- WHAT YOU HAVE TO DO
Give again, exactly and only, the lines running from the one with "Crafted with care" to the end of the material below; leave out pictures.

- GIVEN DATA
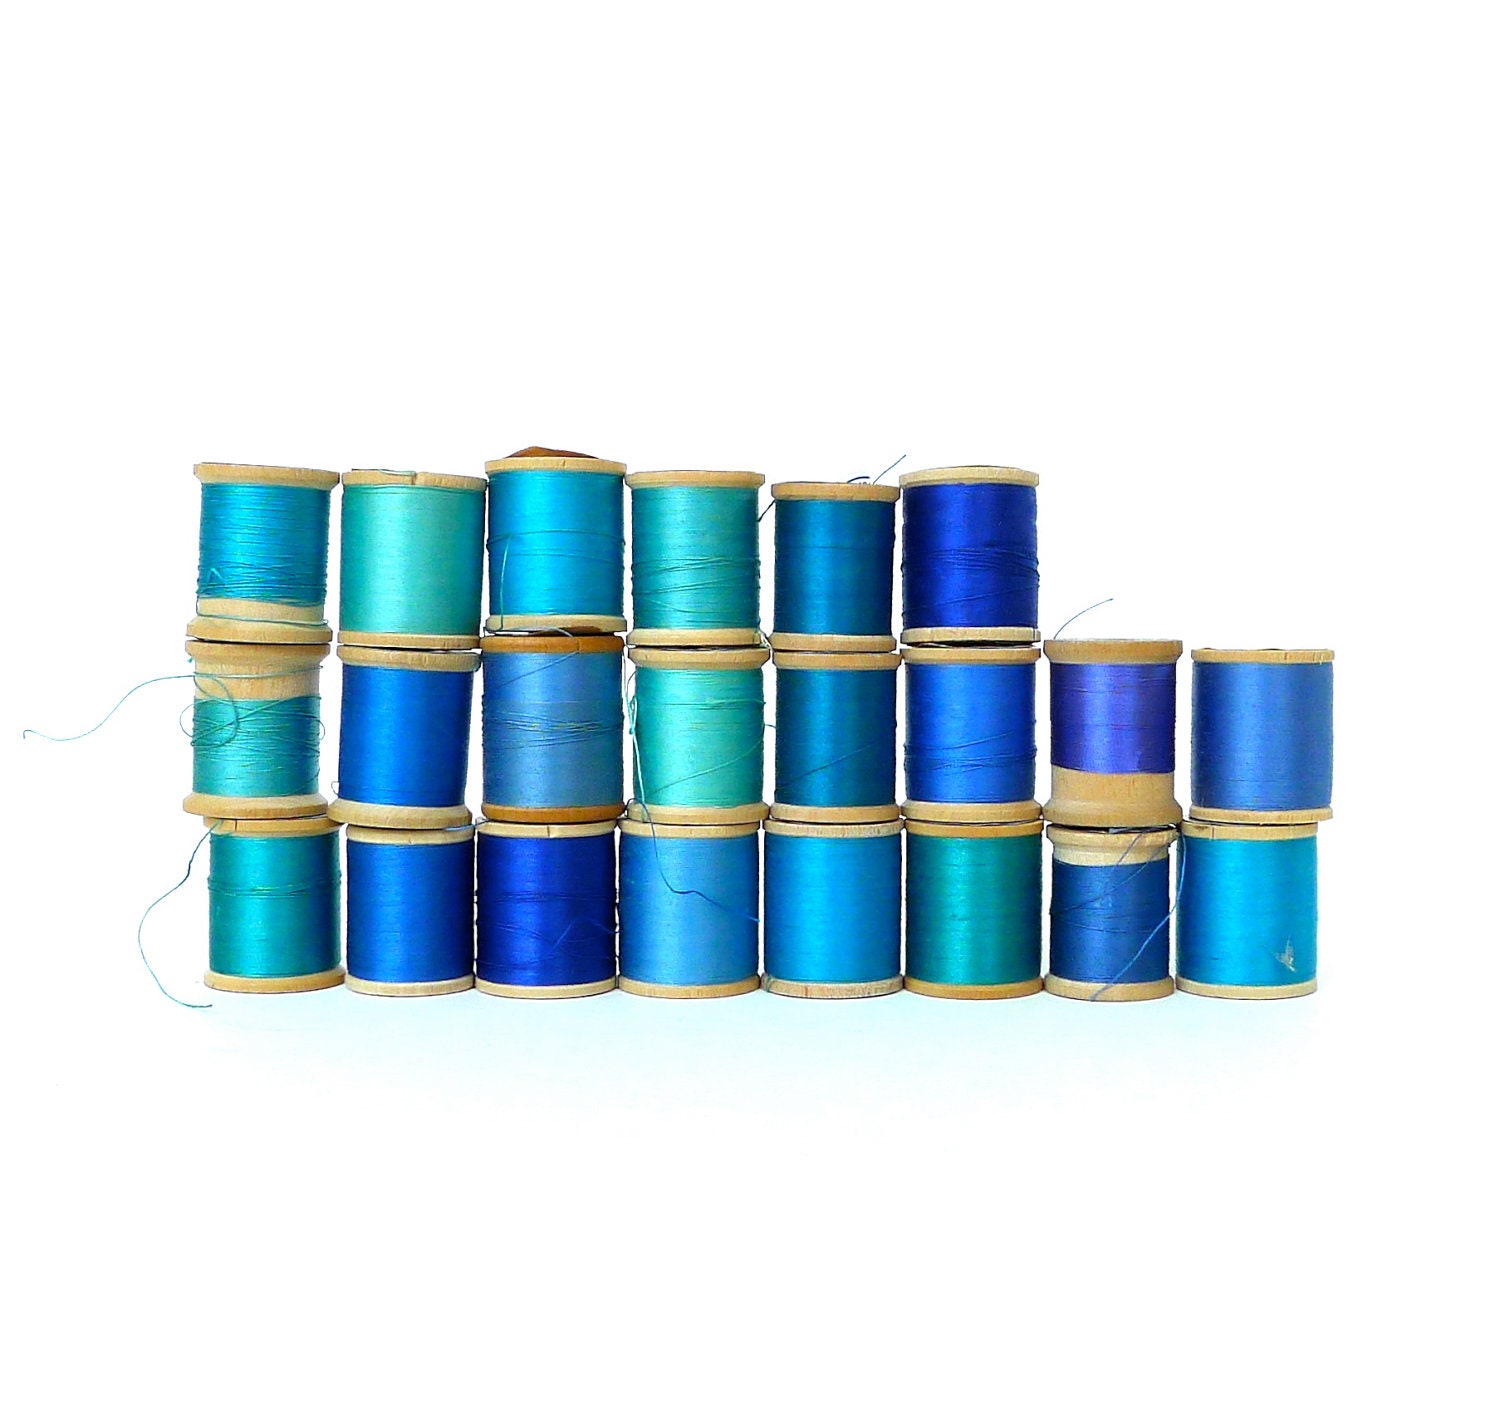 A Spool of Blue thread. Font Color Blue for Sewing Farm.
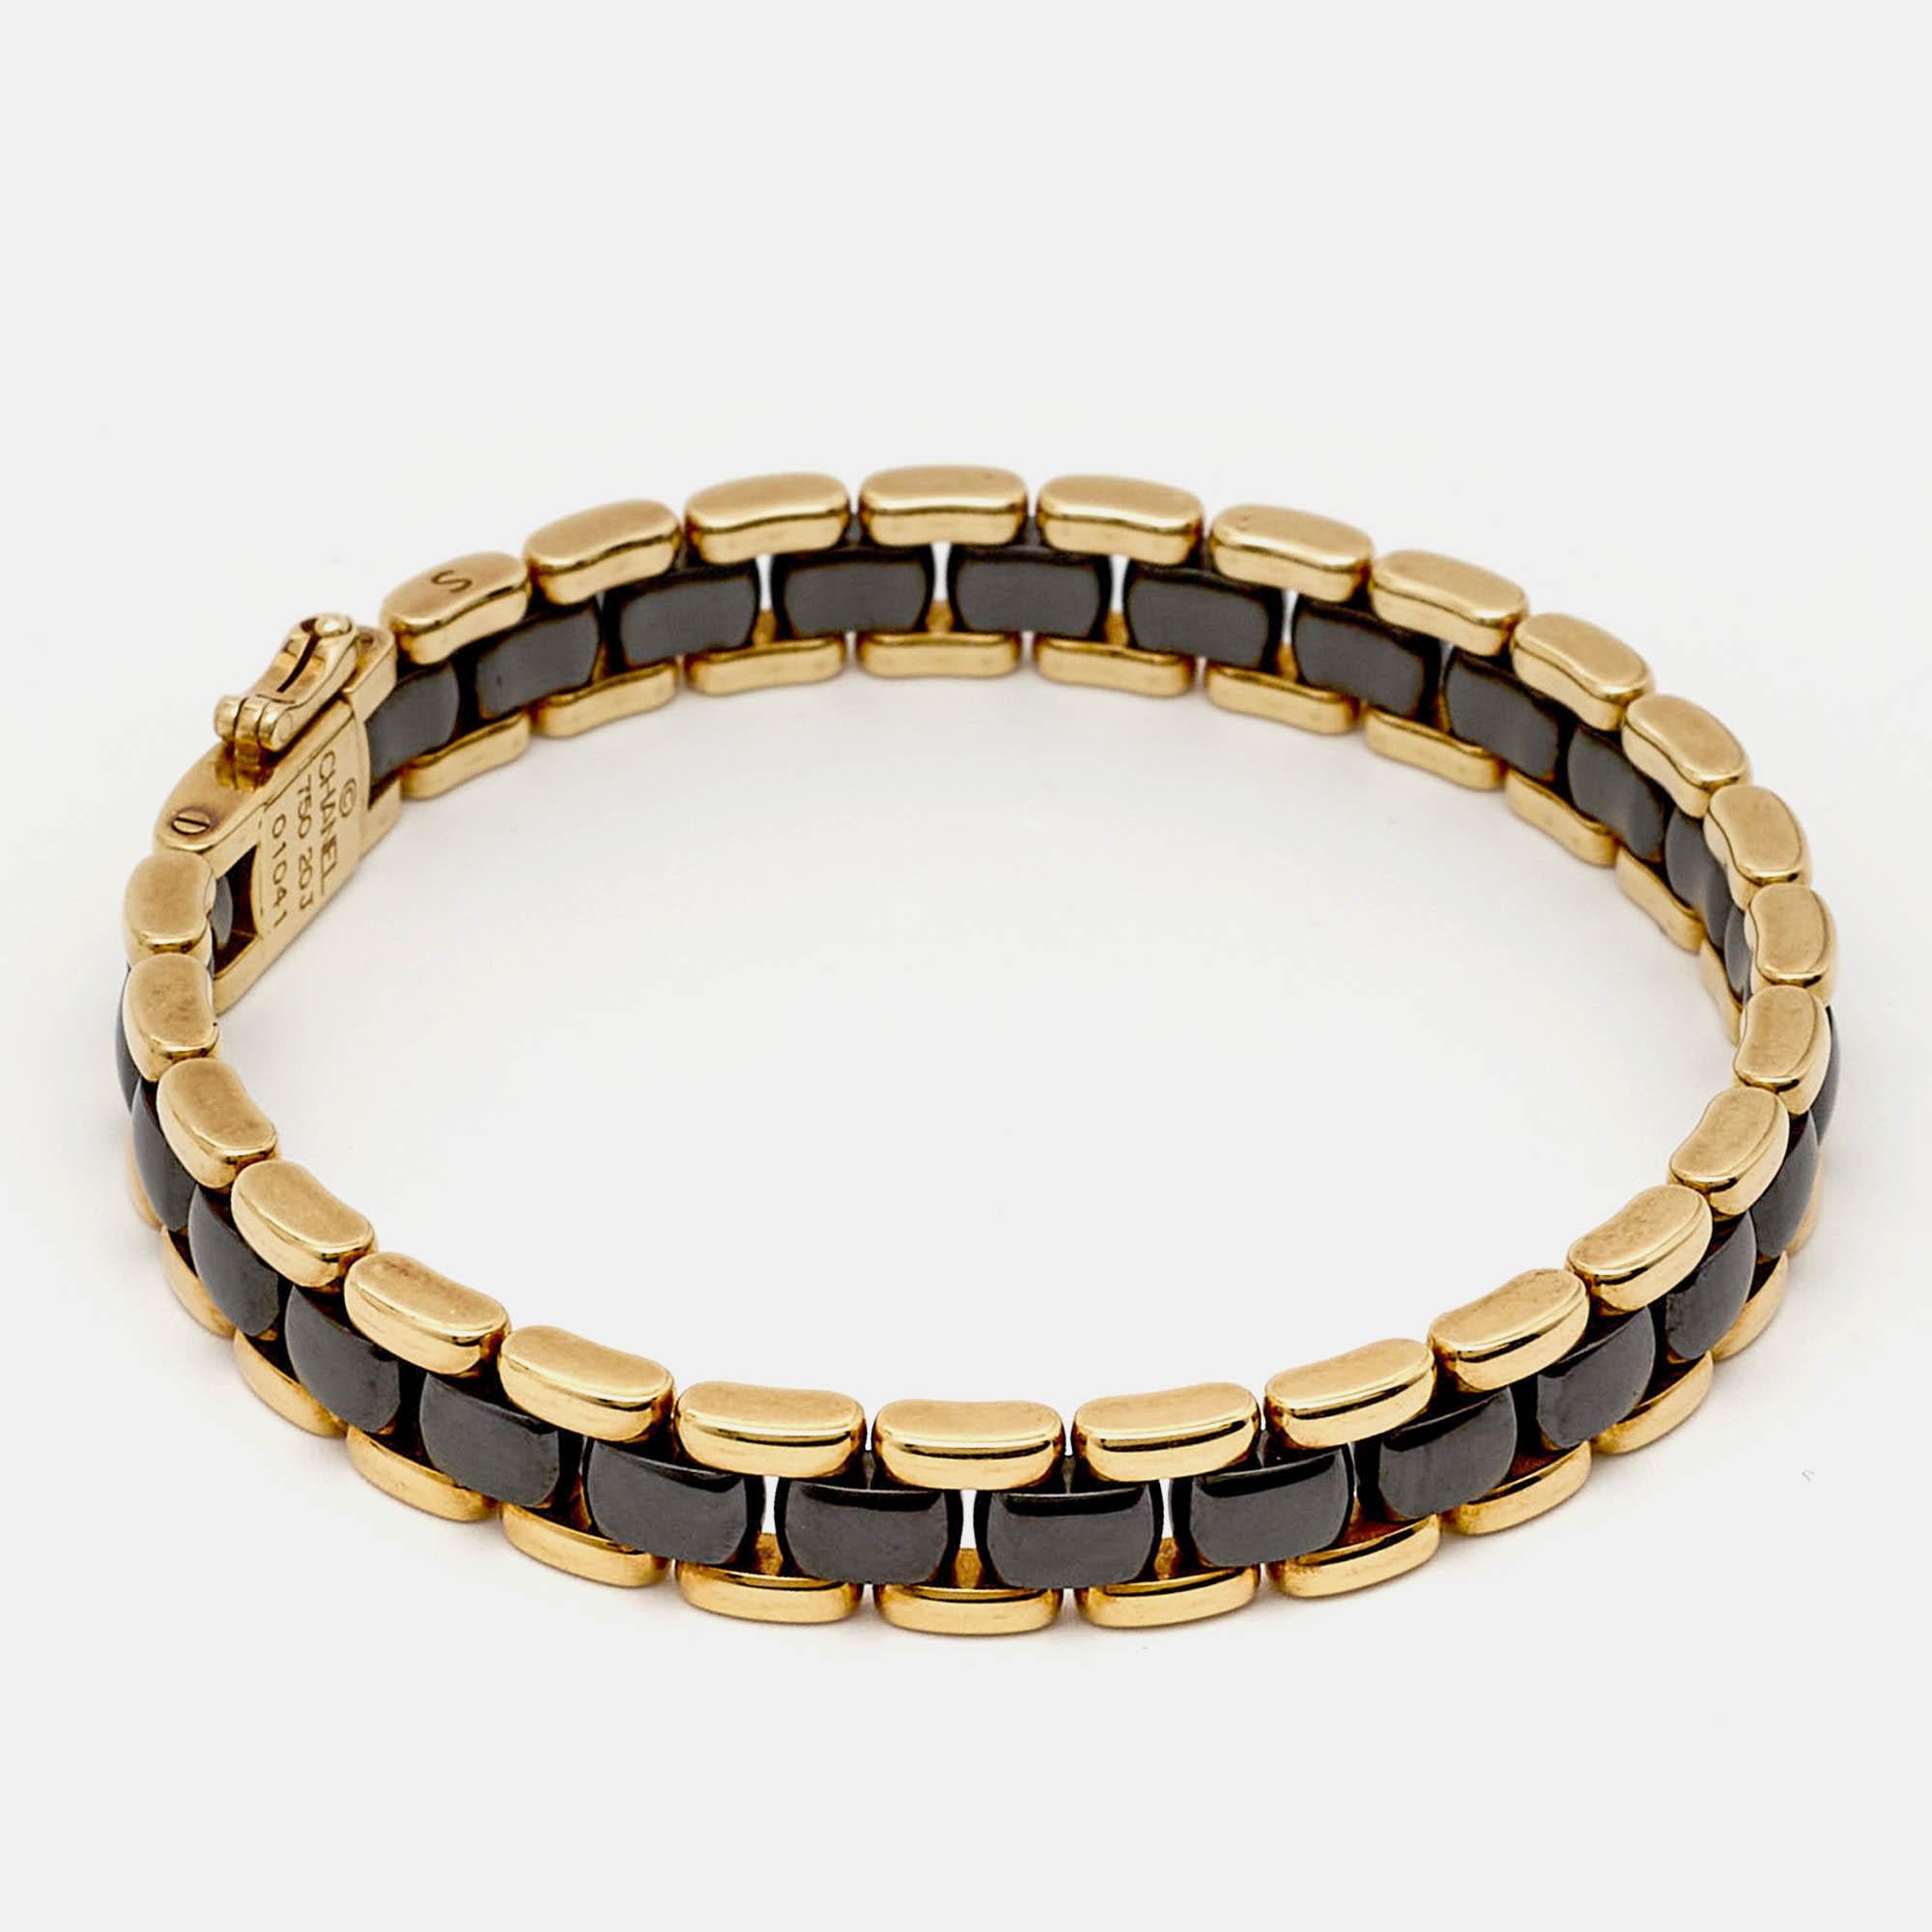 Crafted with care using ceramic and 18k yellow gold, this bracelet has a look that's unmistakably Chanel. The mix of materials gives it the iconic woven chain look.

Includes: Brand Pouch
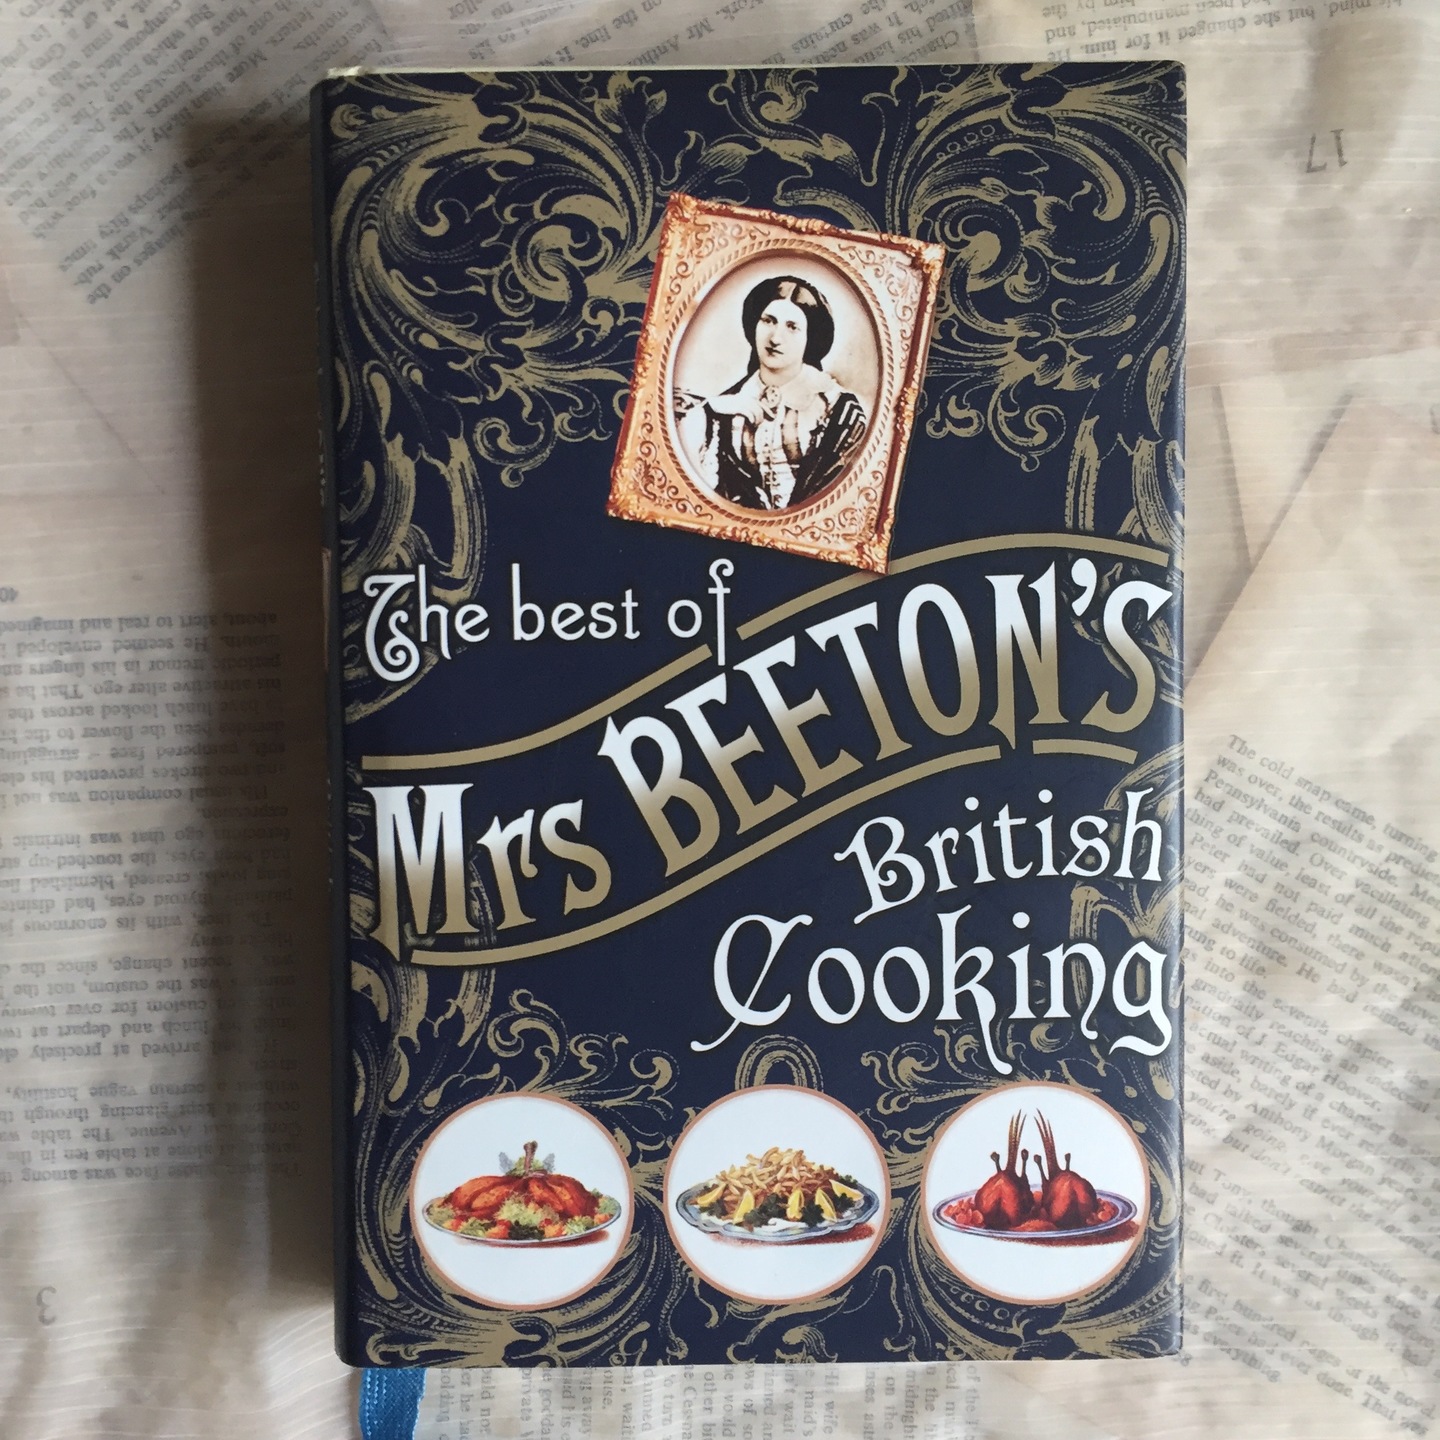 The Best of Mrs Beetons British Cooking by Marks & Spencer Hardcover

- RESULT FOR THIS EXERCISE
 Crafted with care using ceramic and 18k yellow gold, this bracelet has a look that's unmistakably Chanel. The mix of materials gives it the iconic woven chain look.

Includes: Brand Pouch
 The Best of Mrs Beetons British Cooking by Marks & Spencer Hardcover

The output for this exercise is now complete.